REQUIRED WORK |
The entries below contain pictures. Write out only the lines from the line with "Republic dark teal" up to and including the line with "Vestido OutletDri Drappeado", exactly, without them.

EXERCISE INPUTS |

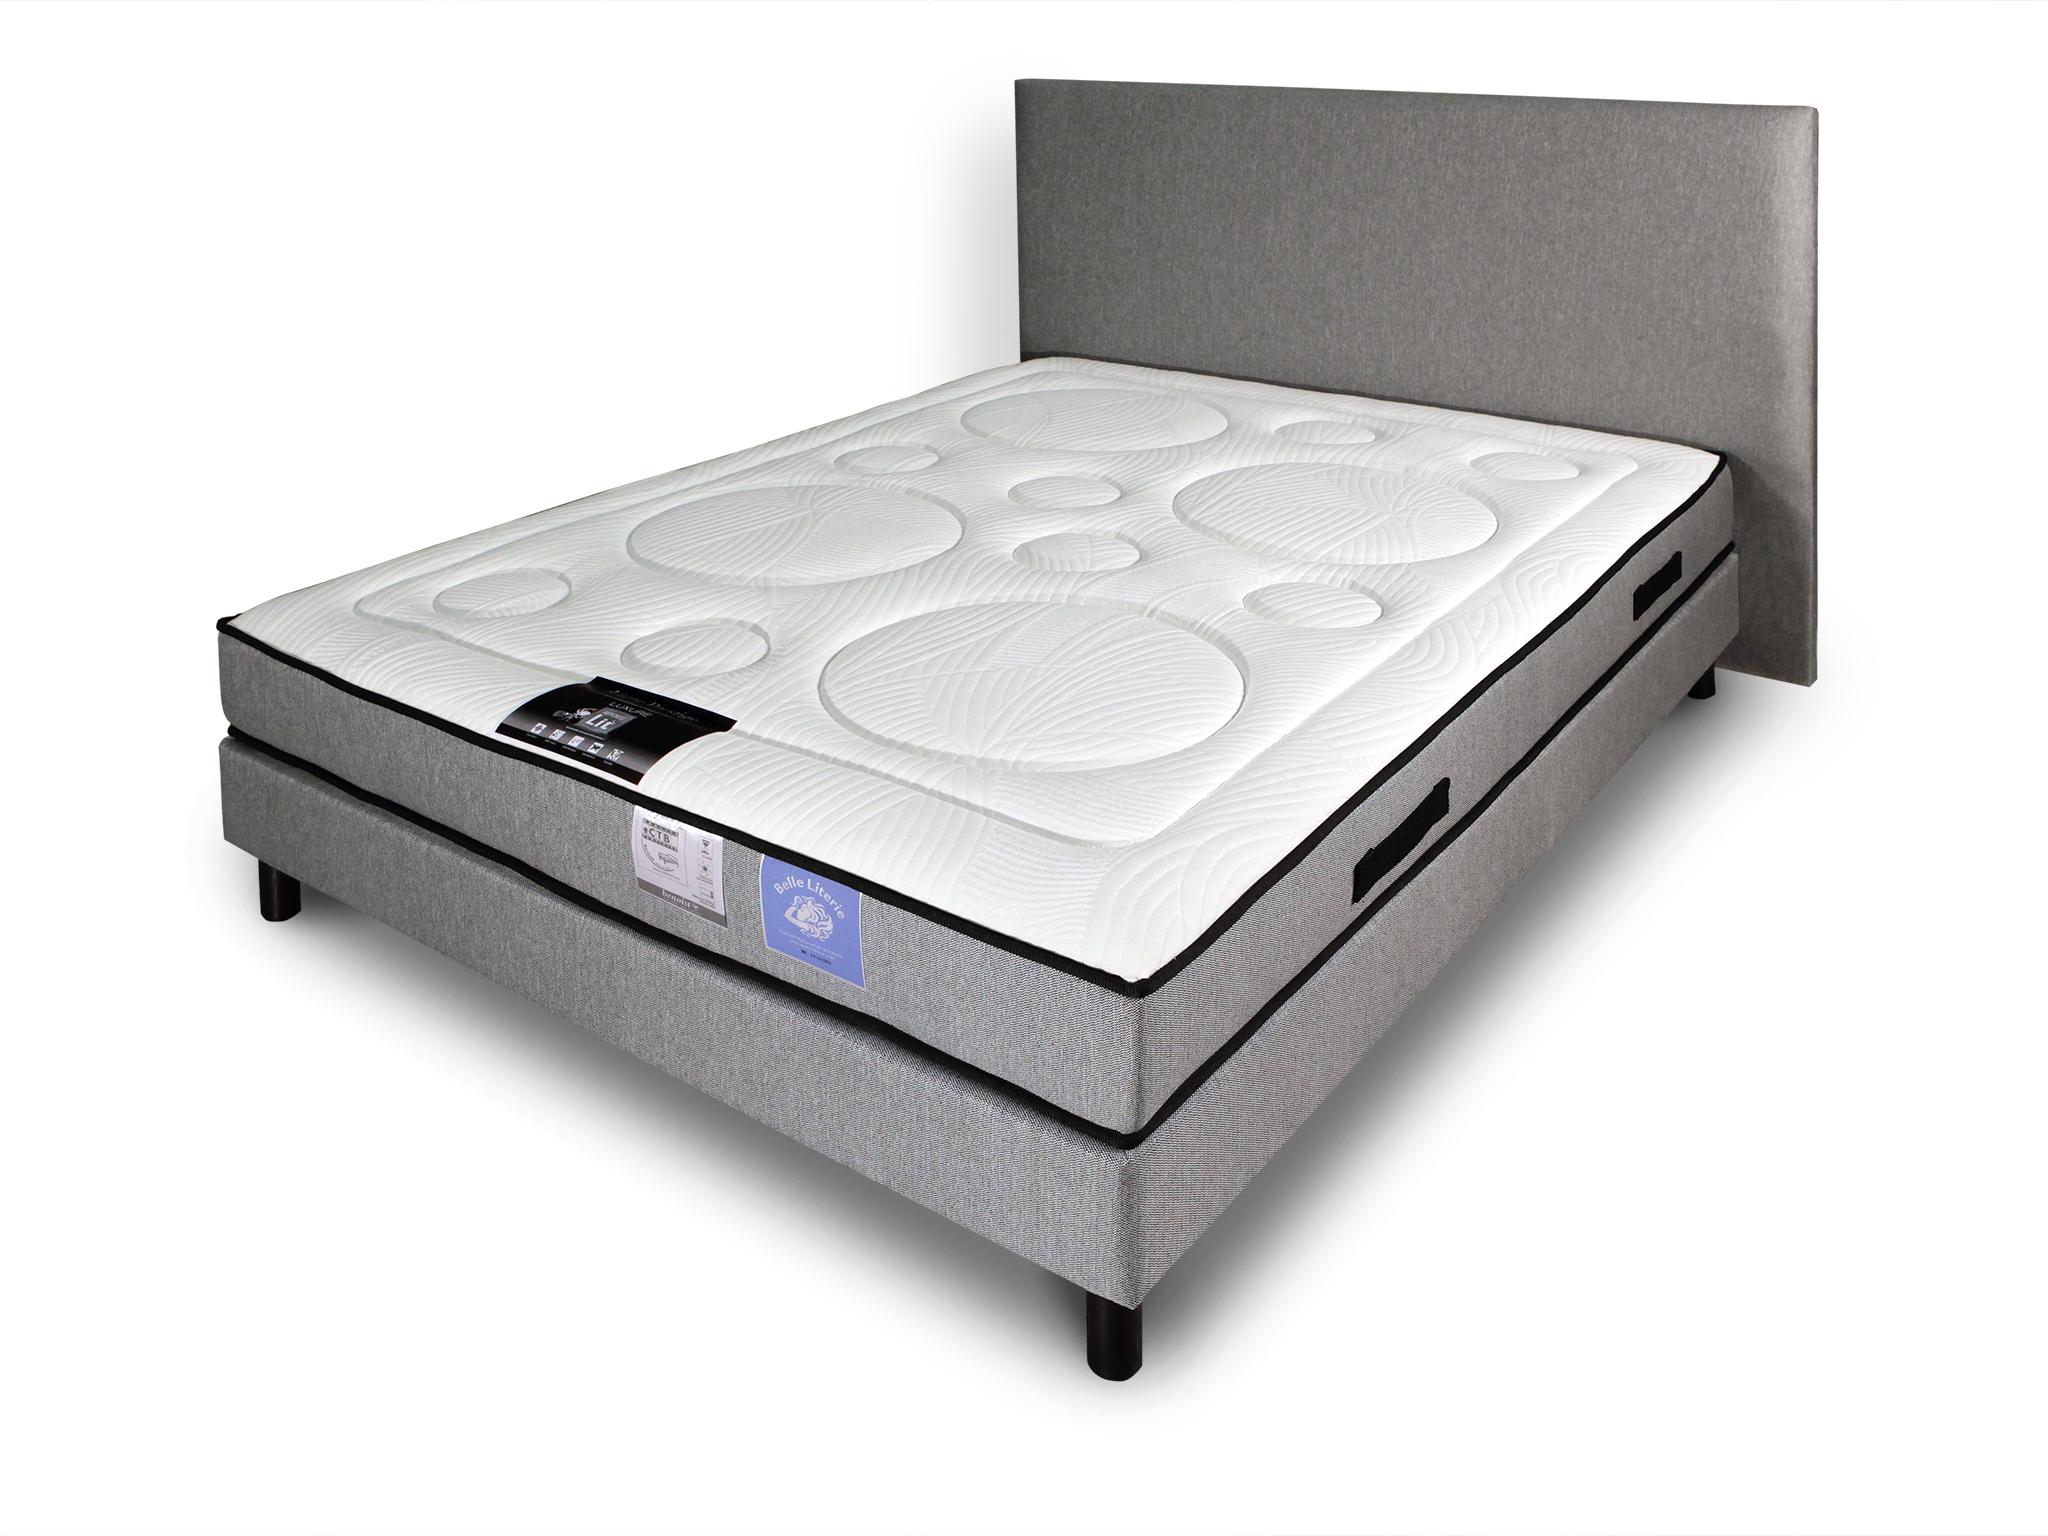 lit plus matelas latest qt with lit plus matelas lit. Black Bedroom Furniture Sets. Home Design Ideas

...

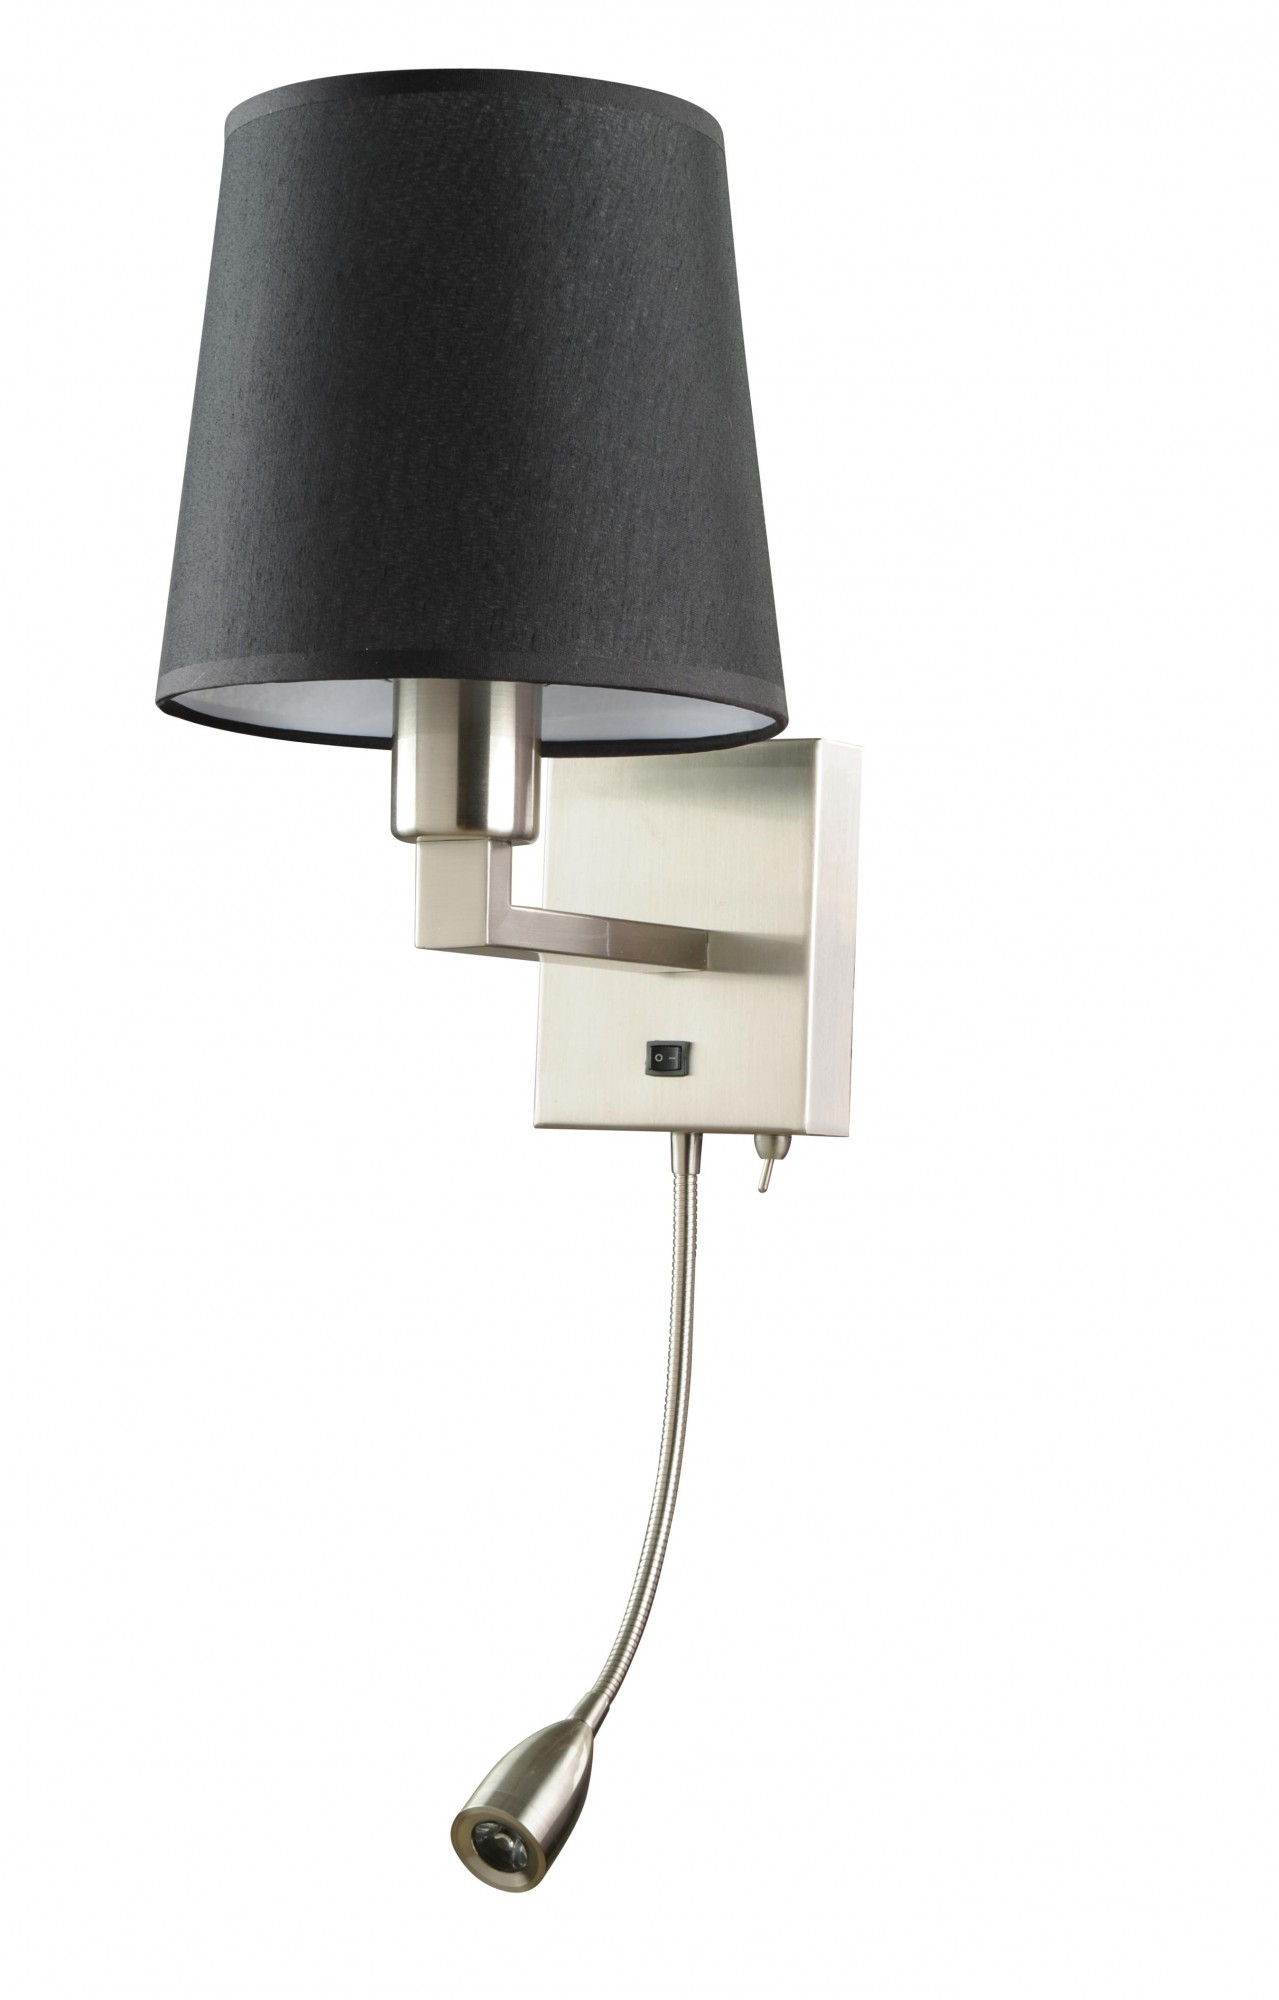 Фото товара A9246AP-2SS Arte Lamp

...

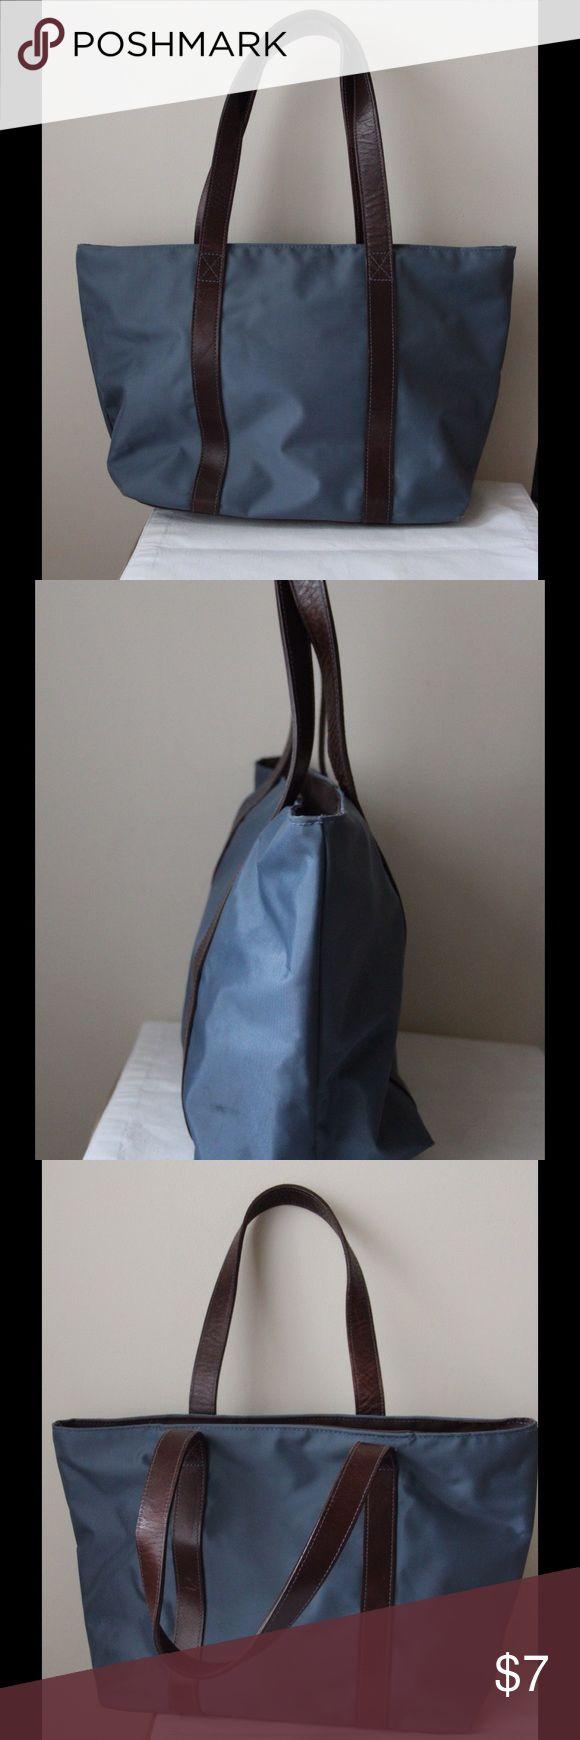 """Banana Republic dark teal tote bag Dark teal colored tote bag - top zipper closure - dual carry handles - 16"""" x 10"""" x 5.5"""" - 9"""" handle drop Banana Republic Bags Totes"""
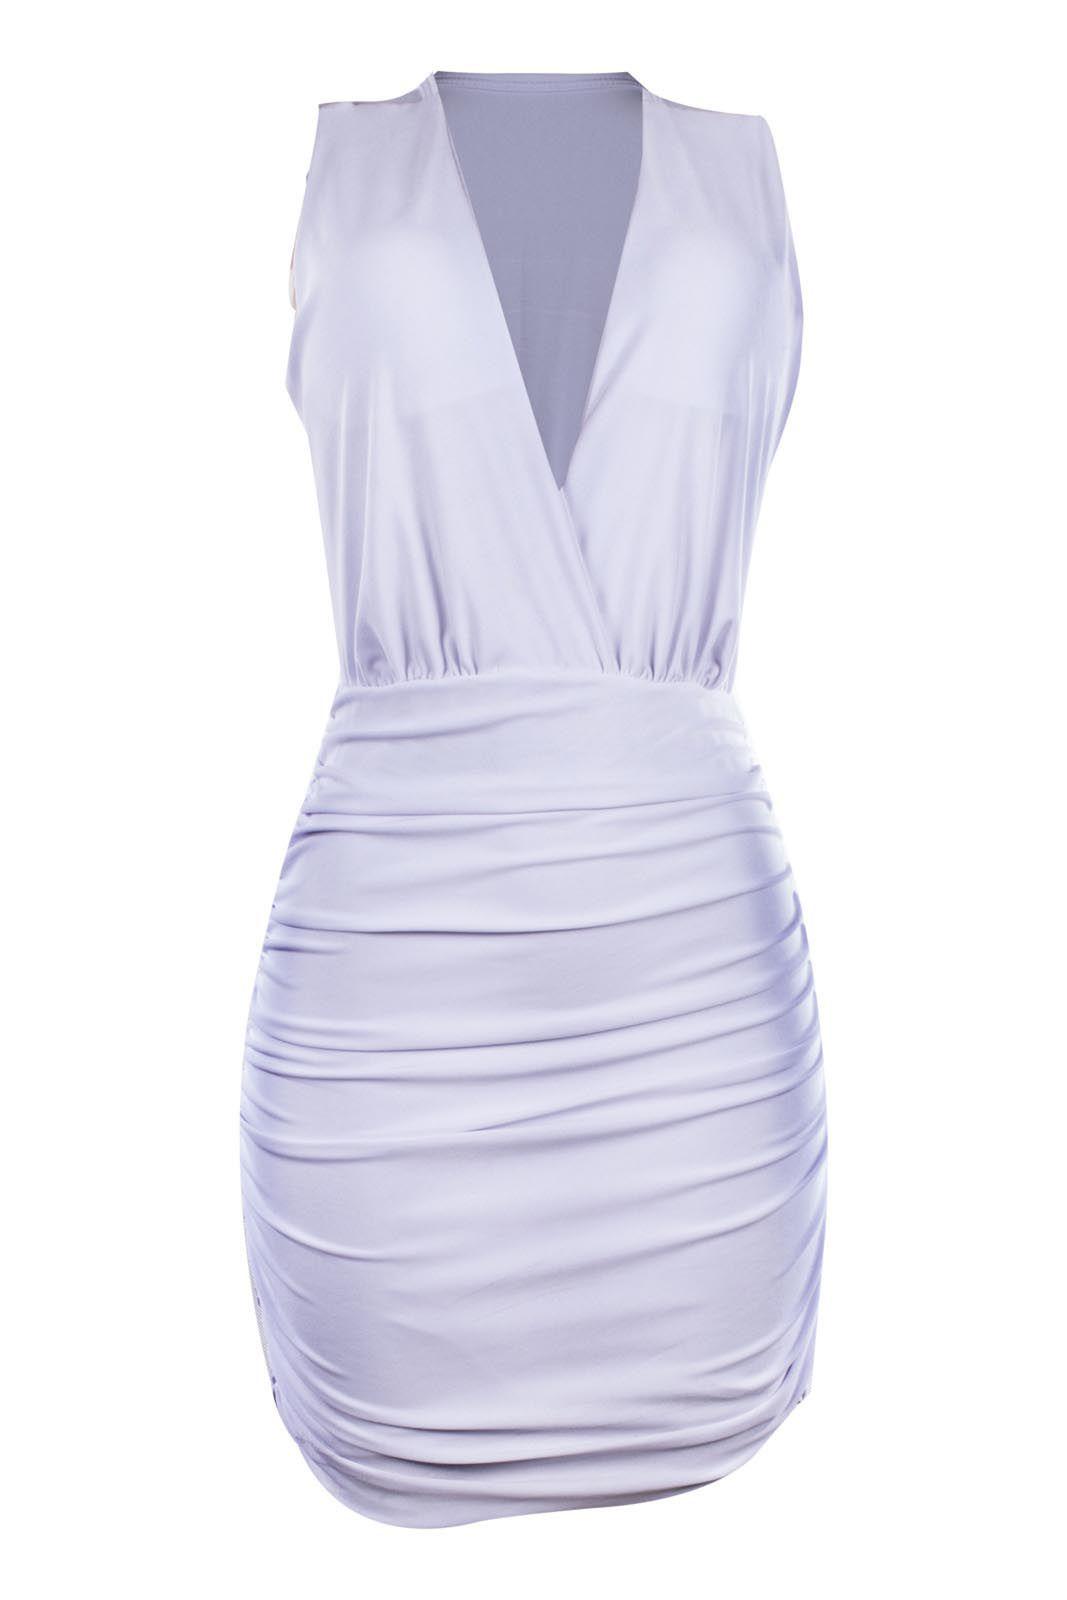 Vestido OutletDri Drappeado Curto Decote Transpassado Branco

REPLY TO THE TASK |
 """Banana Republic dark teal tote bag Dark teal colored tote bag - top zipper closure - dual carry handles - 16"""" x 10"""" x 5.5"""" - 9"""" handle drop Banana Republic Bags Totes"""
 Vestido OutletDri Drappeado Curto Decote Transpassado Branco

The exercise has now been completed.